ECE2018 ePoster Presentations Pituitary and Neuroendocrinology (36 abstracts)
EGE University, Izmir, Turkey.
Case: Thirty seven years old patient whose complaint was head ache was seen in the out patient clinic for the follow up of her hormone replacement therapy. First time she was admitted to hospital with the complaint of confusion was in 2013. Her cranial MRI revelaed enlargement of optic chiasma with the possible diagnossis of optic chiasmatic glioma. Biopsy was taken out from this mass twice in July and November of 2013. In histological examinations, there were B and T lymphocytes, eosinophils and histiocytes. Lymphoid malignancies was rulled out by IHC staining. The patient has the diagnosis of panhypopituitarism since 2013. She was taking cortisol, l-thyroxine, desmopressin replacement therapies. Since she had pulmonary thromboembolism in her past medical history, estrogen replacement was given as transdermal estrogen. She has also been using insulin treatment for diabetes mellitus.
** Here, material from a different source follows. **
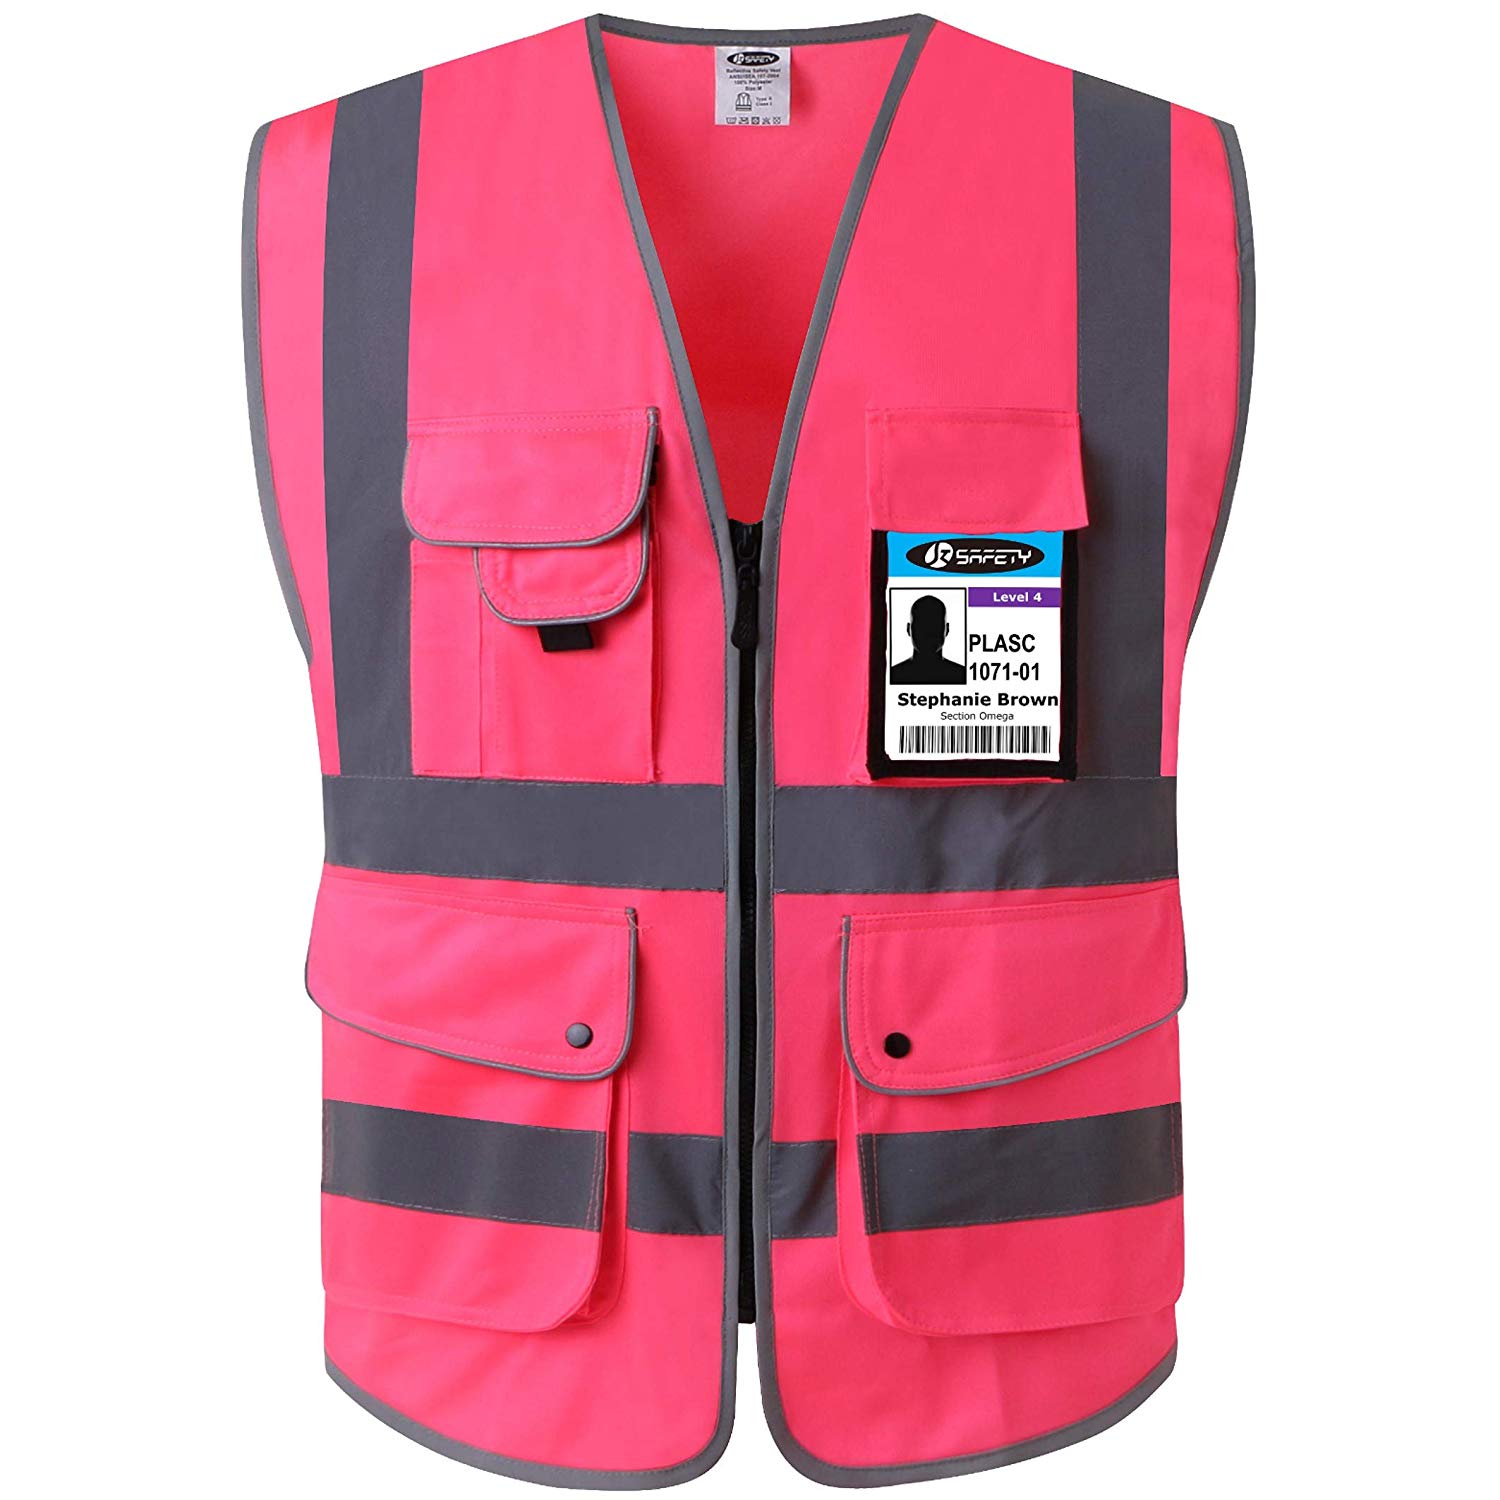 JKSafety Class 2 Reflective Safety Vest for Women 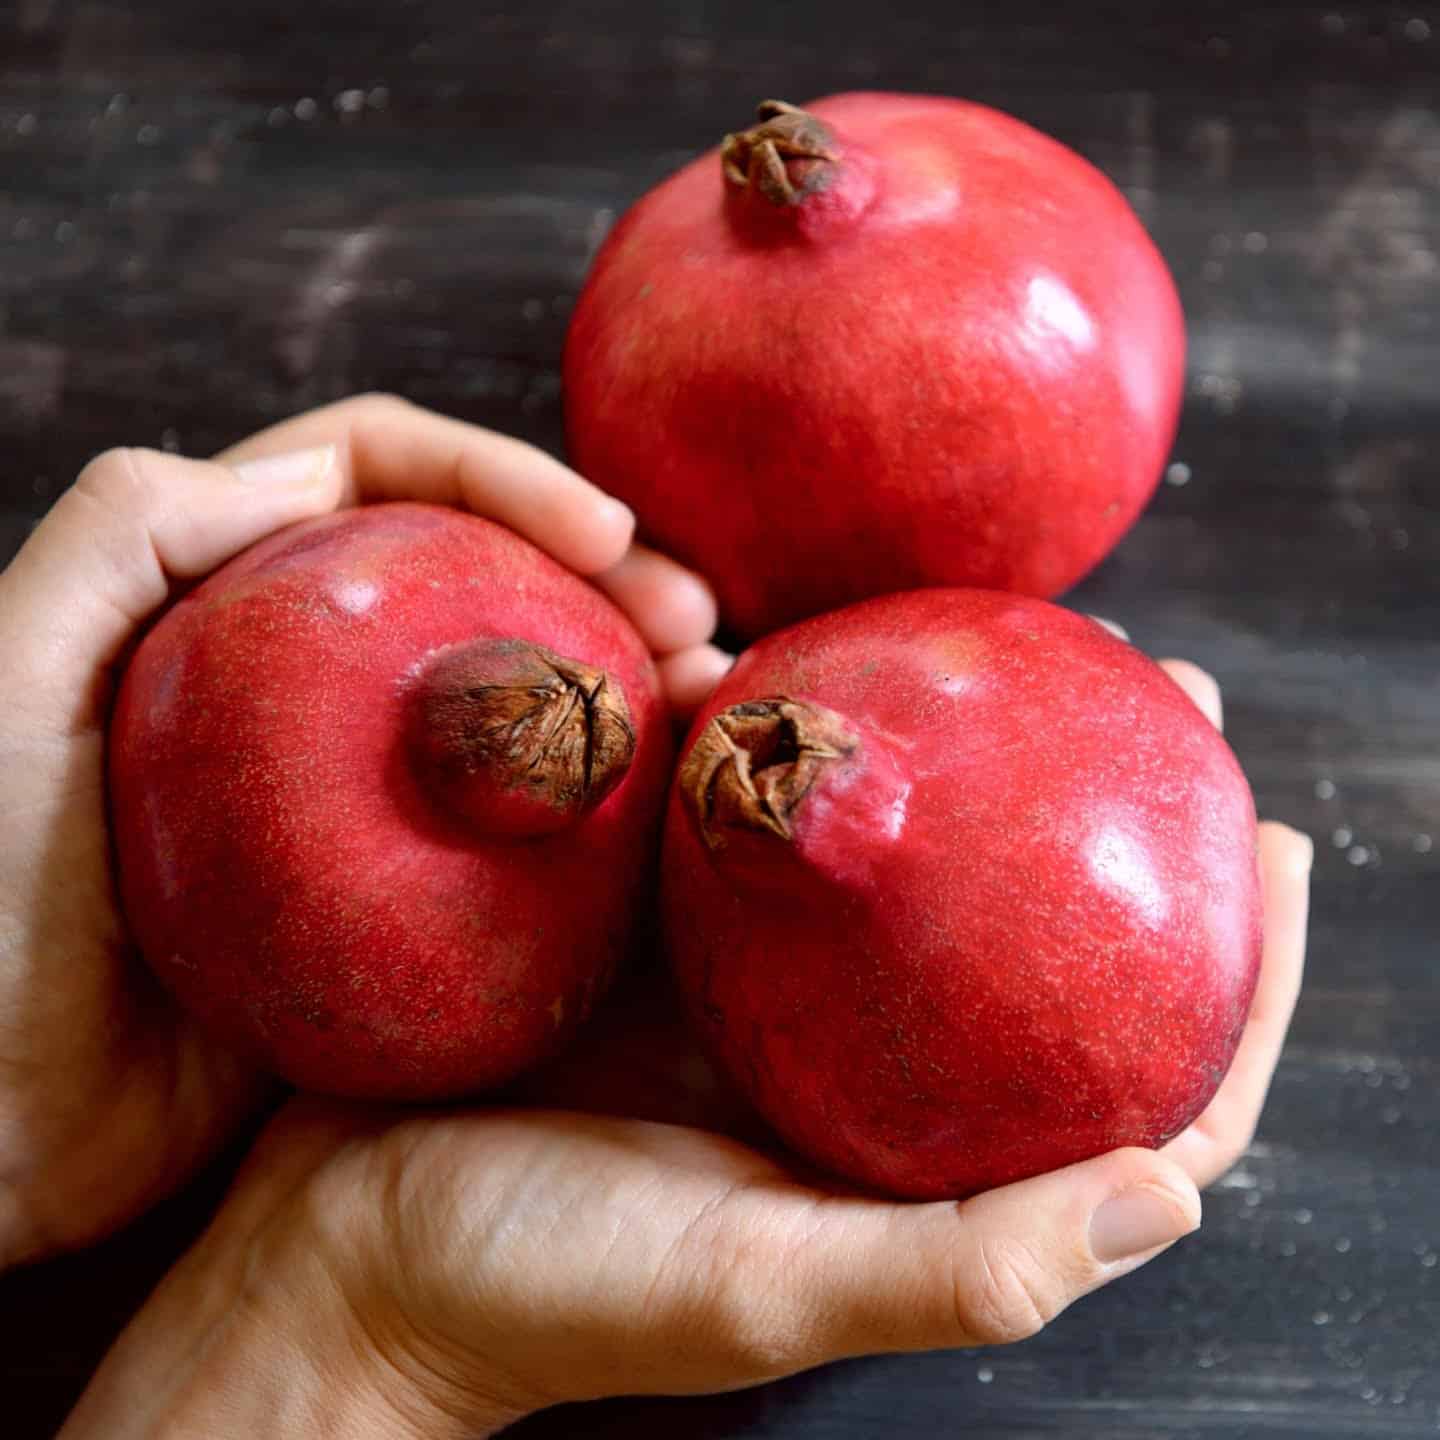 Three perfect pomegranates ready to cut and eat

Recently, her state of consciousness decreased and has been operated urgently, in another health institution. The preoperative pituitary MRI revealed that there was contrast enhancement around hypothalmic-chiasmatic region including pituitary stalk. Cranial MRI showed a lesion located at right caudate nucleus measured as 2.5×1.6 cm in diameters causing edema in white matter. Histopathology was consultated with the pathologist of our center and it was reported as infiltraiton of lymphocytes, plasma cells and histiocytes. It was stated that IgG4 positivity (> 50%) of plasma cells could be taken as a sign of IgG4 associated disease.
Conclusion: Recurrent mass lesions at the suprasellar region could be due to IgG4 associated disease. Immunosuppressive treatment should be discussed with this possible diagnosis.